Sacred Hearts and Secret Music

SacredHearts 

Musica Secreta and Celestial Sirens

divine art dda 25077

reviewed by Neville Cohn

 

Missa Veni Sponsa Christi (Palestrina)

Lamentations for Holy Saturday (Book 3) (Palestrina)

Magnificat Sexti Toni (De Rore)

with motets by Palestrina and Rore and chants for The Feast of St Agnes

 

If you’ve come home after a terrible day at the office or, if you’ve spent hours in the kitchen getting the cake mix just right only to have it come from the oven a charred ruin, then don’t turn to Valium or take it out on the cat. There’s a much better option available.

 

It needs to be said at once, though, that the alternative offered could also be habit forming – but it’s an addiction that is entirely beneficial and can be thoroughly recommended.
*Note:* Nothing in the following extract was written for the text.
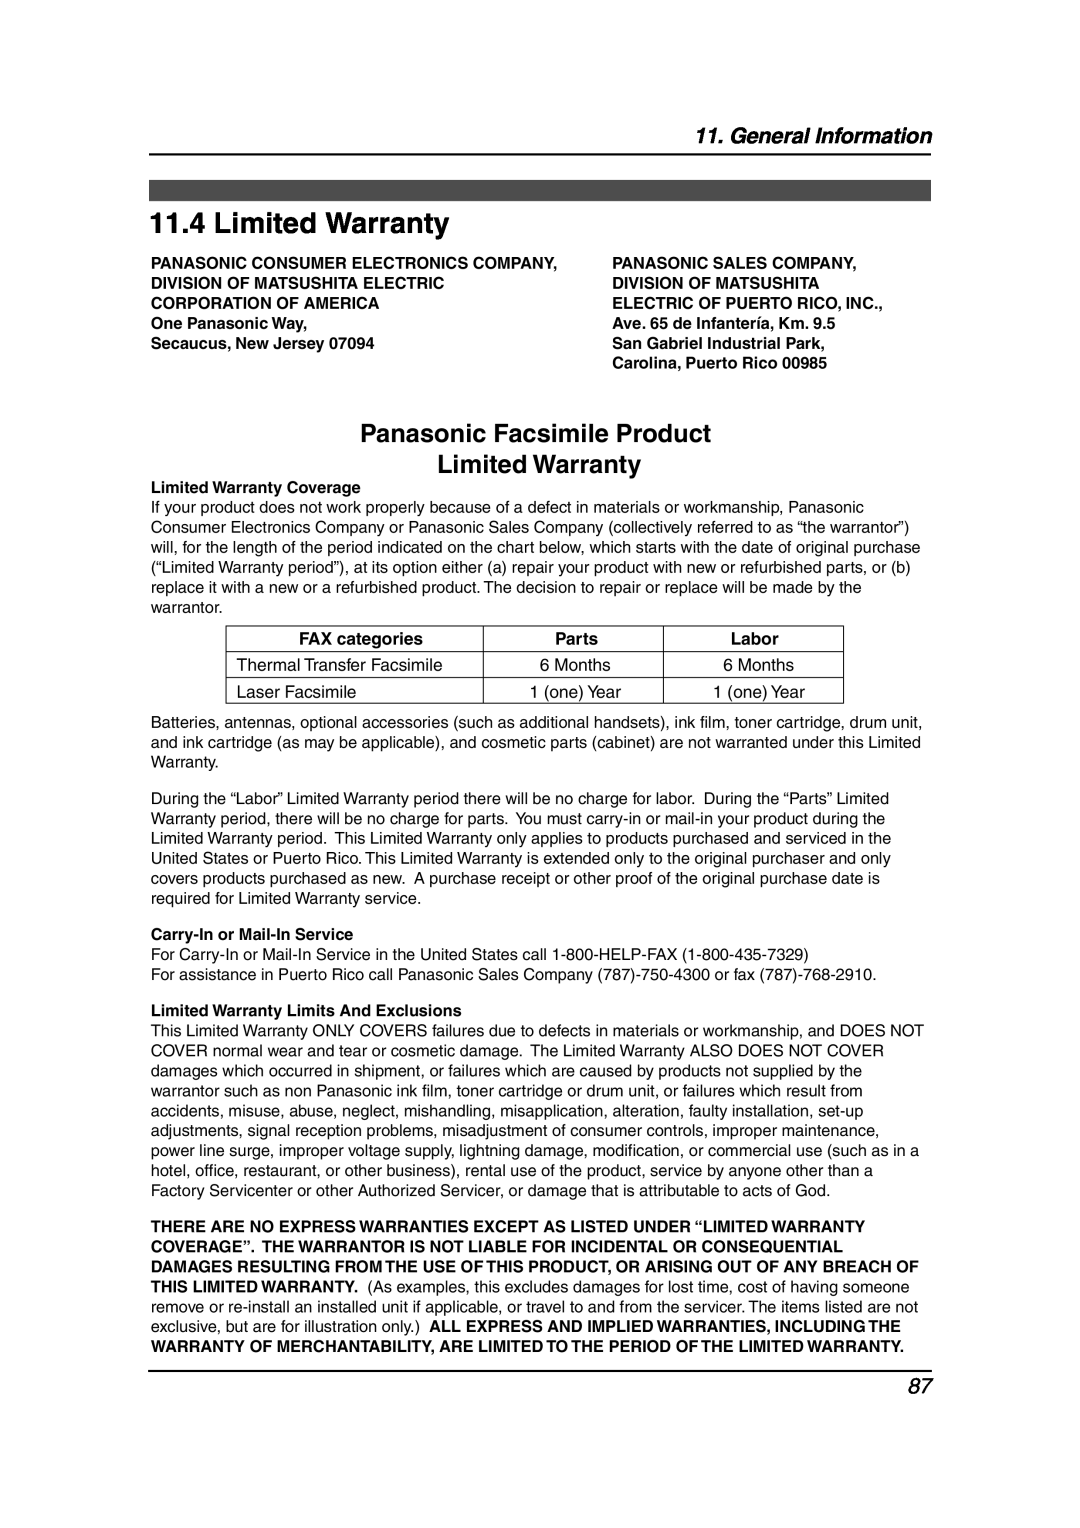 Panasonic KX-FPG377 manual Panasonic Facsimile Product Limited Warranty, General Information, Panasonic Sales Company 
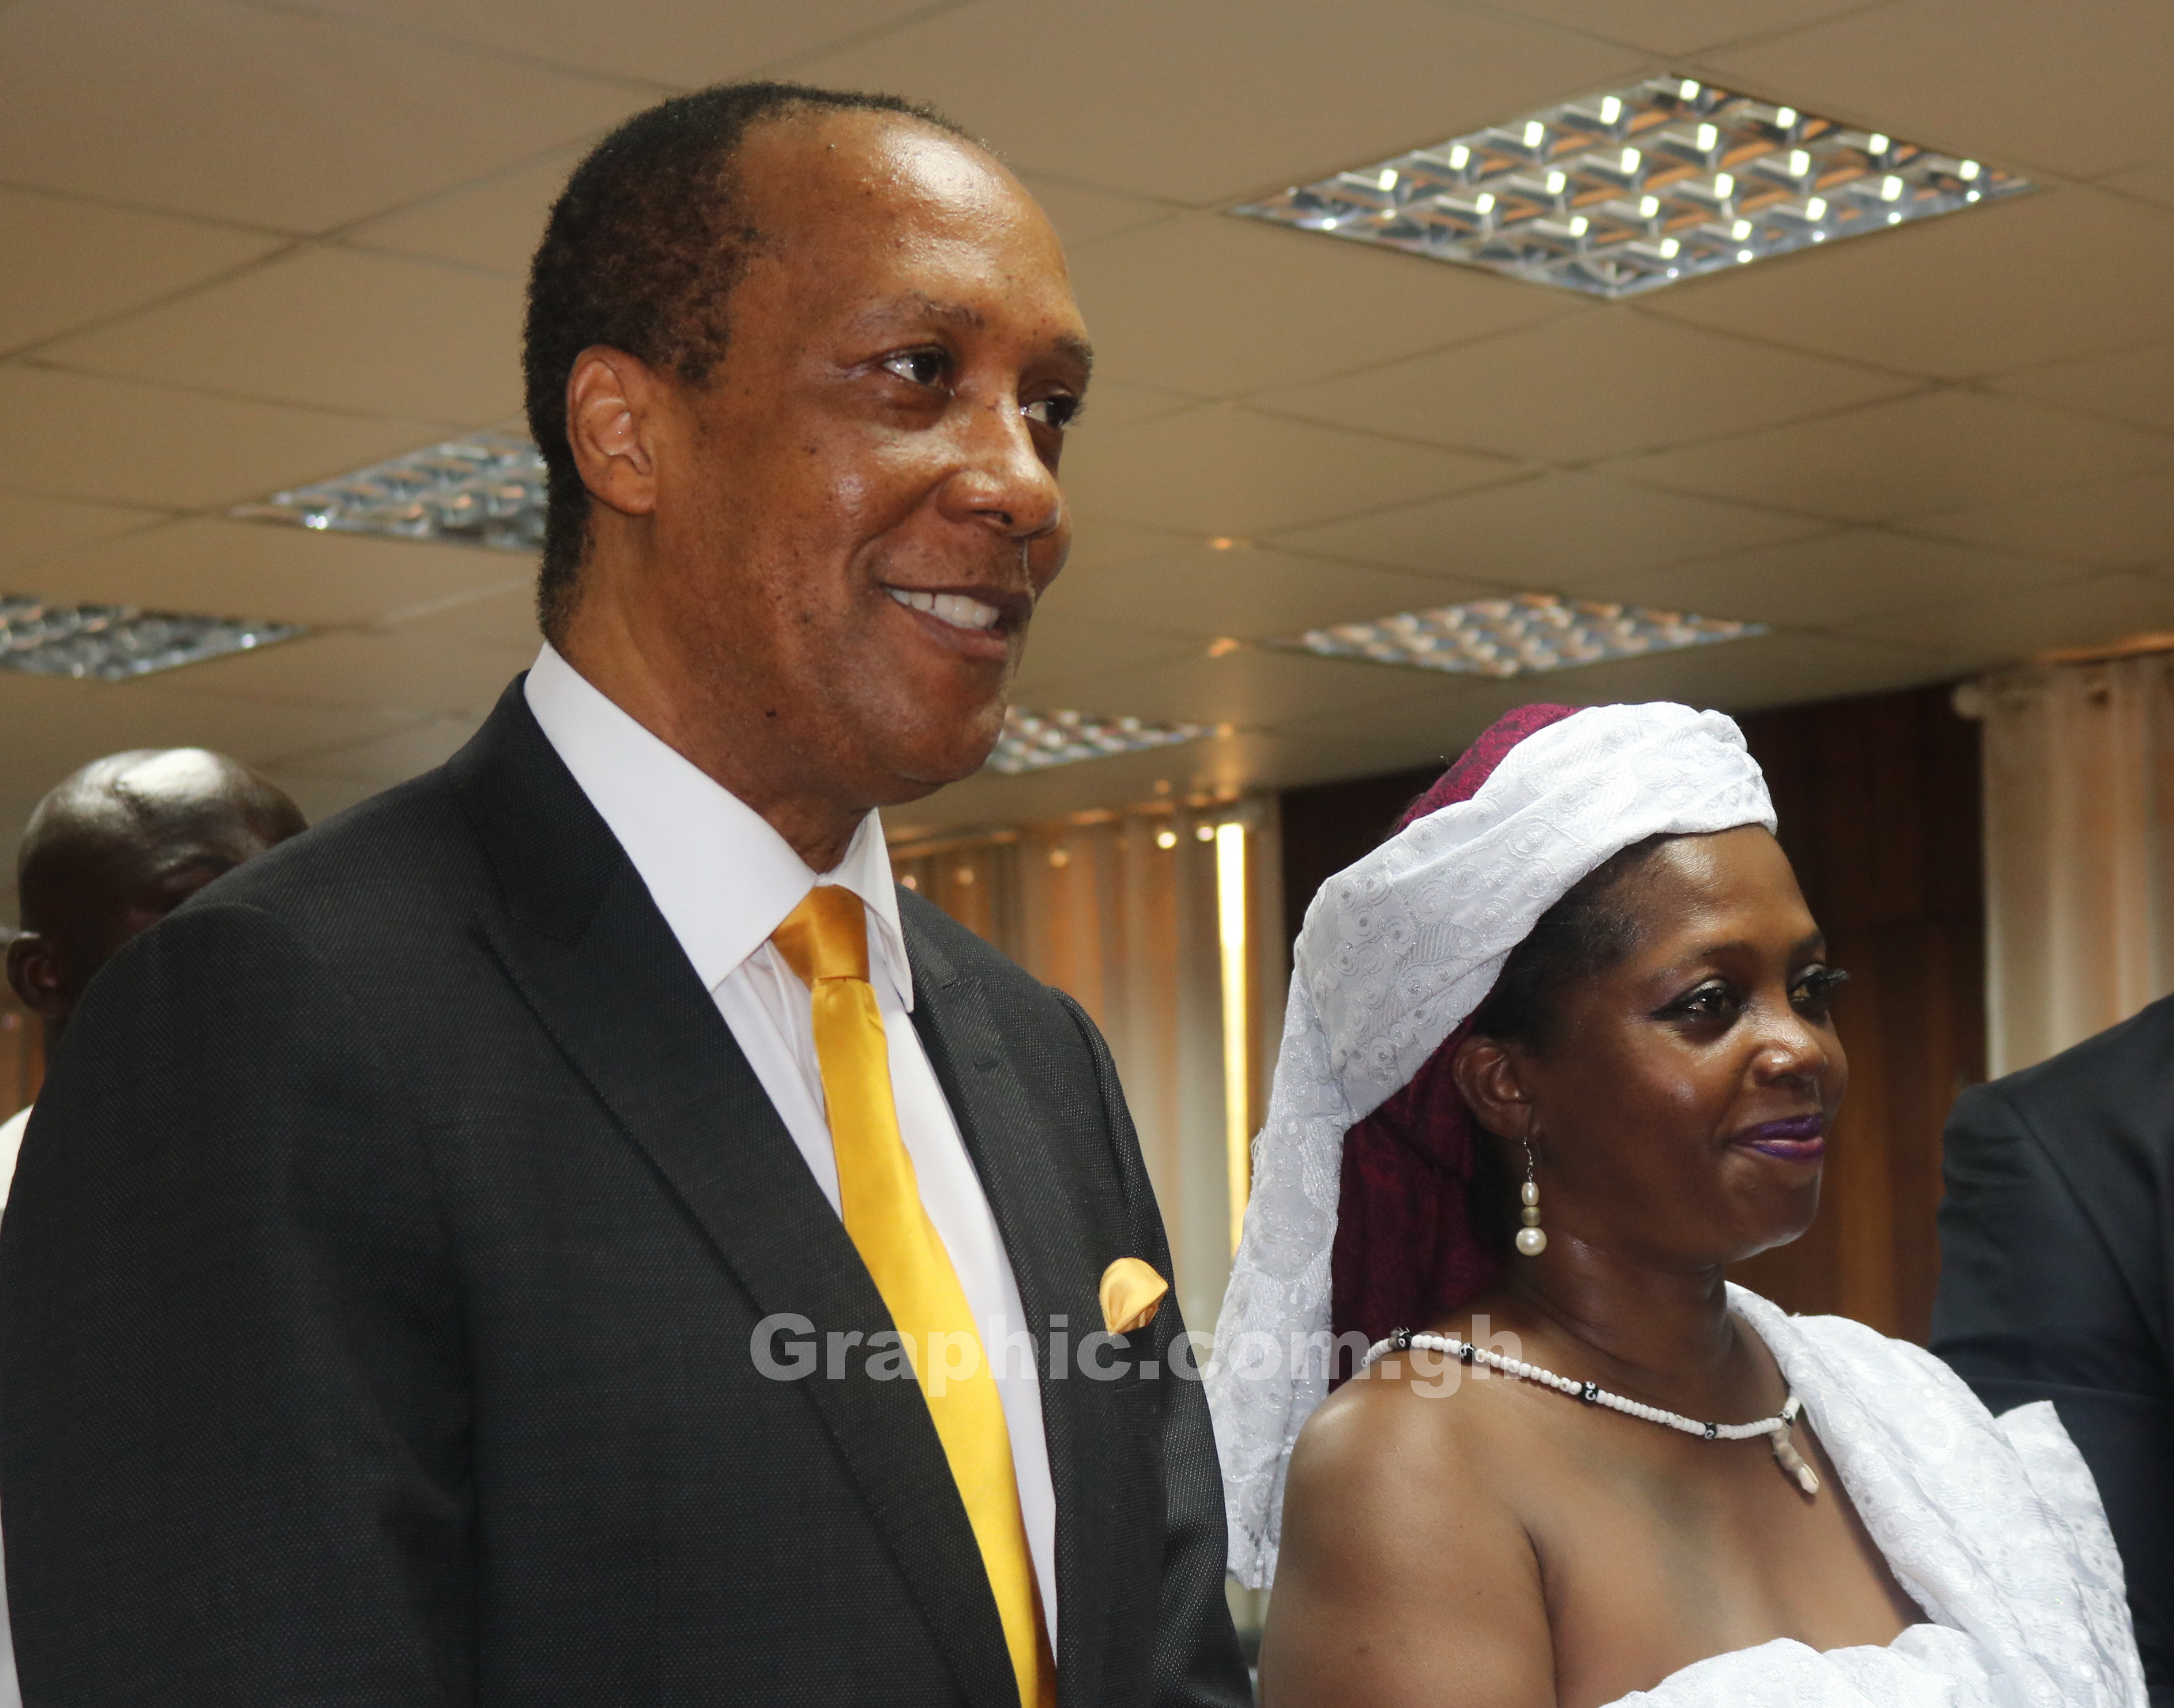 Kwame Asiedu Walker and his running mate, Lady Tamara

Toss the pills into the bin and give the cat his dinner – then put this CD on, sit back and let it work its soothing magic. An added bonus is that you don’t have to be musically literate – although that, of course, helps – to derive great listening pleasure from it.

 

Not the least of the many fine features of this recording are first rate liner notes which throw fascinating light on the lives and work of nuns in 16th and 17th century European convents where music, in inextricable association with prayer, was a constant companion in up to eight prayer services per 24 hours.

 

In the popular imagination, the notion of nuns regularly singing complex polyphony barely exists. So, this recording is timely if only for that reason.

 

Of course, the lion’s share of sacred vocal music was written specifically for male voices. A fair amount of this, though, was – and is – also sung by women. And if the range was too low, then it was not particularly unusual for the music to be transposed upwards to accommodate the available voices. This presentation goes some way to redressing these widespread misapprehensions.

 

As well, there is also a view that composers of the time wrote little vocal music specifically for women. But think of Vivaldi who spent much of his working life in an  orphanage for girls for whom the Red Priest wrote innumerable works, instrumental as well as vocal.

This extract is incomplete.